> [Action item]
Beginning at the line containing "tigerdenresort-01" in the material below and ending at the line containing "G. Label mario cuffed workwear jeans", return each line exactly and add nothing.

> [Provided information]

'''

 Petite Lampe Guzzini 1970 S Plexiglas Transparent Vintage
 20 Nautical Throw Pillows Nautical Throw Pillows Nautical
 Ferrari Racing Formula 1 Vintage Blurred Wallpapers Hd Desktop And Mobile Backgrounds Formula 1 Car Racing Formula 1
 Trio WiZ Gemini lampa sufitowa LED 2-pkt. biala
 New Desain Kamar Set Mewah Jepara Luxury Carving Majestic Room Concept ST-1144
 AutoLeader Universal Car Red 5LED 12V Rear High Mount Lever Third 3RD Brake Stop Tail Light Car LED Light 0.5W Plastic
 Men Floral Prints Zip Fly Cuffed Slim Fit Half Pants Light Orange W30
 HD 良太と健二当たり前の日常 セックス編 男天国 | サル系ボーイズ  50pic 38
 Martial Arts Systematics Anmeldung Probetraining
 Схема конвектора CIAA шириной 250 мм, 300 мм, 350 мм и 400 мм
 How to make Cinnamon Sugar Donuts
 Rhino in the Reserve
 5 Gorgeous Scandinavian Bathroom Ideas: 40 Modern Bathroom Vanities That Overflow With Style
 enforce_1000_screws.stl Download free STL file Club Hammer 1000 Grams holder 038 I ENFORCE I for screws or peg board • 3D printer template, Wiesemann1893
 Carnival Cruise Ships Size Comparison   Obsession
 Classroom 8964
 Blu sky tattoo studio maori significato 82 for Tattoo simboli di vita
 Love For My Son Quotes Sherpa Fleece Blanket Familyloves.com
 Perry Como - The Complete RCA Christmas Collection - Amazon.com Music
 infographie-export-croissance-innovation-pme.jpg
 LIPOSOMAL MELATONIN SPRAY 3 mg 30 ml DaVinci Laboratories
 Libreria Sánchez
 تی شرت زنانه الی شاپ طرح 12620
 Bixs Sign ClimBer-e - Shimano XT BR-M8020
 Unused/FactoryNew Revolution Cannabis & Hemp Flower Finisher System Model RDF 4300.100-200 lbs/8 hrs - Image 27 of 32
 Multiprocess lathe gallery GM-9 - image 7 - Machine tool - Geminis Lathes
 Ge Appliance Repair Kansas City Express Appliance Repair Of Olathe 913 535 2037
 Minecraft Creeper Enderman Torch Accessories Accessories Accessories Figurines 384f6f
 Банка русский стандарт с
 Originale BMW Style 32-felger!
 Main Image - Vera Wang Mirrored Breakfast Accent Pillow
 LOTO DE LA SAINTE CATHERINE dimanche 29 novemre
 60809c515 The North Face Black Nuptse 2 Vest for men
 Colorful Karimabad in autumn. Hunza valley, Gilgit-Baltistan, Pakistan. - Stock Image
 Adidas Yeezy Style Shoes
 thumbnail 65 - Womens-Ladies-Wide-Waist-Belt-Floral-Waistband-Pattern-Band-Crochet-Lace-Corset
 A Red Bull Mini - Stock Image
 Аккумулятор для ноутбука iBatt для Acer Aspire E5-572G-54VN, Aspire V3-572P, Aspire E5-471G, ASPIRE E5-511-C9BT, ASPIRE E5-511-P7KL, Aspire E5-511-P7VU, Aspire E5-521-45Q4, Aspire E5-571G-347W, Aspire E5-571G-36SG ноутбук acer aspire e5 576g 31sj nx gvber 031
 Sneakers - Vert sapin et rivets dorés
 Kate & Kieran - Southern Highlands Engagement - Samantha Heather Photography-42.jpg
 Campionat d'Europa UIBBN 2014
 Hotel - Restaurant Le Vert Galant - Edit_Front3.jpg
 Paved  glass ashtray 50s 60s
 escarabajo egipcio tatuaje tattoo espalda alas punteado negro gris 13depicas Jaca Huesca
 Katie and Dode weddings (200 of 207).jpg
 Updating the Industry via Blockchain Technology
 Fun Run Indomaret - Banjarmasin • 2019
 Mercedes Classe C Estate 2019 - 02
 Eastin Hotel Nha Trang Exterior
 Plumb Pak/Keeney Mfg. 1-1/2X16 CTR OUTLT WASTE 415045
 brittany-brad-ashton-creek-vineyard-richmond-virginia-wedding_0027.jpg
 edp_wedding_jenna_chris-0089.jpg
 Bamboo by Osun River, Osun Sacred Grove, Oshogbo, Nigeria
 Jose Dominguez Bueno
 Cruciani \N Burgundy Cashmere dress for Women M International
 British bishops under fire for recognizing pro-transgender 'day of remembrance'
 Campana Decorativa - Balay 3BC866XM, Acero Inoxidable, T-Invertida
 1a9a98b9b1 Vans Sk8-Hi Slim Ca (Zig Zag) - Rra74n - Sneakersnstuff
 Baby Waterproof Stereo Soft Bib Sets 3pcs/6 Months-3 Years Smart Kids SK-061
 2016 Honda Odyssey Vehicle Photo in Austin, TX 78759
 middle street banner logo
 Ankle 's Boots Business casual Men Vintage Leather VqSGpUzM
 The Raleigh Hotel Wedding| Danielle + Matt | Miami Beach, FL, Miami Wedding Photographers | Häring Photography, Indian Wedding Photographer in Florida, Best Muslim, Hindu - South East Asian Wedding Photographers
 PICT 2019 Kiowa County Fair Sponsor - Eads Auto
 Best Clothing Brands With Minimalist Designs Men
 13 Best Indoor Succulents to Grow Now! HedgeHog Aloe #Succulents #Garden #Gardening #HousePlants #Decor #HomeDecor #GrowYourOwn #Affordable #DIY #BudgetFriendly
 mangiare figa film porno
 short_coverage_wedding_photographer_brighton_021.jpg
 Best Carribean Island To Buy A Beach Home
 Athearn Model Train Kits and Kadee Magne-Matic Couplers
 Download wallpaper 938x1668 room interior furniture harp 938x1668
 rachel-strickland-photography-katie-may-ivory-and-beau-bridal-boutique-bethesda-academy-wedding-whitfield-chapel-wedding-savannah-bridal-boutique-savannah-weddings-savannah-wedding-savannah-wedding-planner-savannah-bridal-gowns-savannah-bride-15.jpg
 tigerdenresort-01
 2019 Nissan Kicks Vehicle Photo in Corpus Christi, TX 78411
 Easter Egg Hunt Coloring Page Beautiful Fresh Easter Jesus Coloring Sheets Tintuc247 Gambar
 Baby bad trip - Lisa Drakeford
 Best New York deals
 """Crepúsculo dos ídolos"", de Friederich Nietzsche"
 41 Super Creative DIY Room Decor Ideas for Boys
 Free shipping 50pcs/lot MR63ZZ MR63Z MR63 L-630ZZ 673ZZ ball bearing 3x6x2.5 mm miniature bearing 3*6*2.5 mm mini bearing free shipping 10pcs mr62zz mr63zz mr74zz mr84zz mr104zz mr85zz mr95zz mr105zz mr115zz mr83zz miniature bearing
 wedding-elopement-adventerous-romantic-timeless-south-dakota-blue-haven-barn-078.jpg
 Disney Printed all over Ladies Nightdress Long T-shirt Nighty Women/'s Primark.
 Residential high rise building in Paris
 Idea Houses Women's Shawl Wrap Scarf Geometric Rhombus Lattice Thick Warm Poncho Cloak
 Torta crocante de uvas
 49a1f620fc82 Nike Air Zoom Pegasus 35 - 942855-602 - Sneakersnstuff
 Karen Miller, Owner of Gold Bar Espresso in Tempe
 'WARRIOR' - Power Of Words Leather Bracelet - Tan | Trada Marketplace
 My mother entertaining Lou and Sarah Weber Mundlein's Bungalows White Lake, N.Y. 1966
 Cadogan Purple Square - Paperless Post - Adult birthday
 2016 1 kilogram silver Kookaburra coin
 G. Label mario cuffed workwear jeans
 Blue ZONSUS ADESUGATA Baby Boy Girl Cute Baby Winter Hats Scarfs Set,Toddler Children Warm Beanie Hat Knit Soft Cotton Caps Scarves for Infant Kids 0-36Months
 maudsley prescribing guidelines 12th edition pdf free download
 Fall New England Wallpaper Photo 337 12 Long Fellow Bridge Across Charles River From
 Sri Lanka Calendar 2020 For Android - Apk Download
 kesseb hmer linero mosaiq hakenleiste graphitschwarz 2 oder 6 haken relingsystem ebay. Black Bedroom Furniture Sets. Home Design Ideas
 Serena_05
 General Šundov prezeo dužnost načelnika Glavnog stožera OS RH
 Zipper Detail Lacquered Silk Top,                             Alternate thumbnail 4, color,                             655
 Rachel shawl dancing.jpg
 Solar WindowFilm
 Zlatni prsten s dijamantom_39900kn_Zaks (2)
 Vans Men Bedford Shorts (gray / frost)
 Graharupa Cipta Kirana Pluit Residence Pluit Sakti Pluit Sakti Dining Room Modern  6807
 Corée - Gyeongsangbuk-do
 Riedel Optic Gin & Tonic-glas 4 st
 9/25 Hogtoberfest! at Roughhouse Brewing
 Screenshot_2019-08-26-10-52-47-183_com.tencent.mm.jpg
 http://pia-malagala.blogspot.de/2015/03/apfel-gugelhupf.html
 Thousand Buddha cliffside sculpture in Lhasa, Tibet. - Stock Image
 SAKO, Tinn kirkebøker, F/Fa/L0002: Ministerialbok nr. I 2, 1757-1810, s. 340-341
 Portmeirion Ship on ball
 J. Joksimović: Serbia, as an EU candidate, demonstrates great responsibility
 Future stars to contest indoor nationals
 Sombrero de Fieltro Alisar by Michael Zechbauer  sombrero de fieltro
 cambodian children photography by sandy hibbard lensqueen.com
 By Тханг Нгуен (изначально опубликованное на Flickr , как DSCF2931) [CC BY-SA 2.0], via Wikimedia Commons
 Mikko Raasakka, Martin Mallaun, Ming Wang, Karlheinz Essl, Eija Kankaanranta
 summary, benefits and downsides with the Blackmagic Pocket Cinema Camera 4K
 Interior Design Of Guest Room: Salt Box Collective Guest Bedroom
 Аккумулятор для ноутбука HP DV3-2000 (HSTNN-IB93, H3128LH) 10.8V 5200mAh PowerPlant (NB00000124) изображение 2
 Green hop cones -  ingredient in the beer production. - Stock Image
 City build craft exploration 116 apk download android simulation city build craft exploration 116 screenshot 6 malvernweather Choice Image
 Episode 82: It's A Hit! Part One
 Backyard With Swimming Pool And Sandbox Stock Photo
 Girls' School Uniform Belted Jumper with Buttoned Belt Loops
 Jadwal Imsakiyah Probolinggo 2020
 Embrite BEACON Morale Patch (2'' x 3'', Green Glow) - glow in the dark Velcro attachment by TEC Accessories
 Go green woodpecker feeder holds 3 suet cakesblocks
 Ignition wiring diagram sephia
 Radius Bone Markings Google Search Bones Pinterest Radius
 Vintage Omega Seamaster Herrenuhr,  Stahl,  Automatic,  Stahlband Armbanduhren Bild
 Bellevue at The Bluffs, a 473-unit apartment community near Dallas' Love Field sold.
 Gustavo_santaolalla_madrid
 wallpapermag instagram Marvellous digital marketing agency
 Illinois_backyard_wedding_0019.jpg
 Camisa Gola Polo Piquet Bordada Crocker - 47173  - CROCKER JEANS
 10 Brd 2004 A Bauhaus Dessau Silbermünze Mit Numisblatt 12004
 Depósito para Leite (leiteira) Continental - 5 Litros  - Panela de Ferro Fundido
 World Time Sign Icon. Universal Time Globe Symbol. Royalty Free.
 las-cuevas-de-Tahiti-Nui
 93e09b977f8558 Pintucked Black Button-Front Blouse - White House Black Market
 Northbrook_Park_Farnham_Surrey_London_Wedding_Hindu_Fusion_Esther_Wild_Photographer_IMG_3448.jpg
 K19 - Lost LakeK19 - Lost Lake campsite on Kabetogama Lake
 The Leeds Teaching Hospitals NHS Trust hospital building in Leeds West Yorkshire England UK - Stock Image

'''

> [Written answer]
 tigerdenresort-01
 2019 Nissan Kicks Vehicle Photo in Corpus Christi, TX 78411
 Easter Egg Hunt Coloring Page Beautiful Fresh Easter Jesus Coloring Sheets Tintuc247 Gambar
 Baby bad trip - Lisa Drakeford
 Best New York deals
 """Crepúsculo dos ídolos"", de Friederich Nietzsche"
 41 Super Creative DIY Room Decor Ideas for Boys
 Free shipping 50pcs/lot MR63ZZ MR63Z MR63 L-630ZZ 673ZZ ball bearing 3x6x2.5 mm miniature bearing 3*6*2.5 mm mini bearing free shipping 10pcs mr62zz mr63zz mr74zz mr84zz mr104zz mr85zz mr95zz mr105zz mr115zz mr83zz miniature bearing
 wedding-elopement-adventerous-romantic-timeless-south-dakota-blue-haven-barn-078.jpg
 Disney Printed all over Ladies Nightdress Long T-shirt Nighty Women/'s Primark.
 Residential high rise building in Paris
 Idea Houses Women's Shawl Wrap Scarf Geometric Rhombus Lattice Thick Warm Poncho Cloak
 Torta crocante de uvas
 49a1f620fc82 Nike Air Zoom Pegasus 35 - 942855-602 - Sneakersnstuff
 Karen Miller, Owner of Gold Bar Espresso in Tempe
 'WARRIOR' - Power Of Words Leather Bracelet - Tan | Trada Marketplace
 My mother entertaining Lou and Sarah Weber Mundlein's Bungalows White Lake, N.Y. 1966
 Cadogan Purple Square - Paperless Post - Adult birthday
 2016 1 kilogram silver Kookaburra coin
 G. Label mario cuffed workwear jeans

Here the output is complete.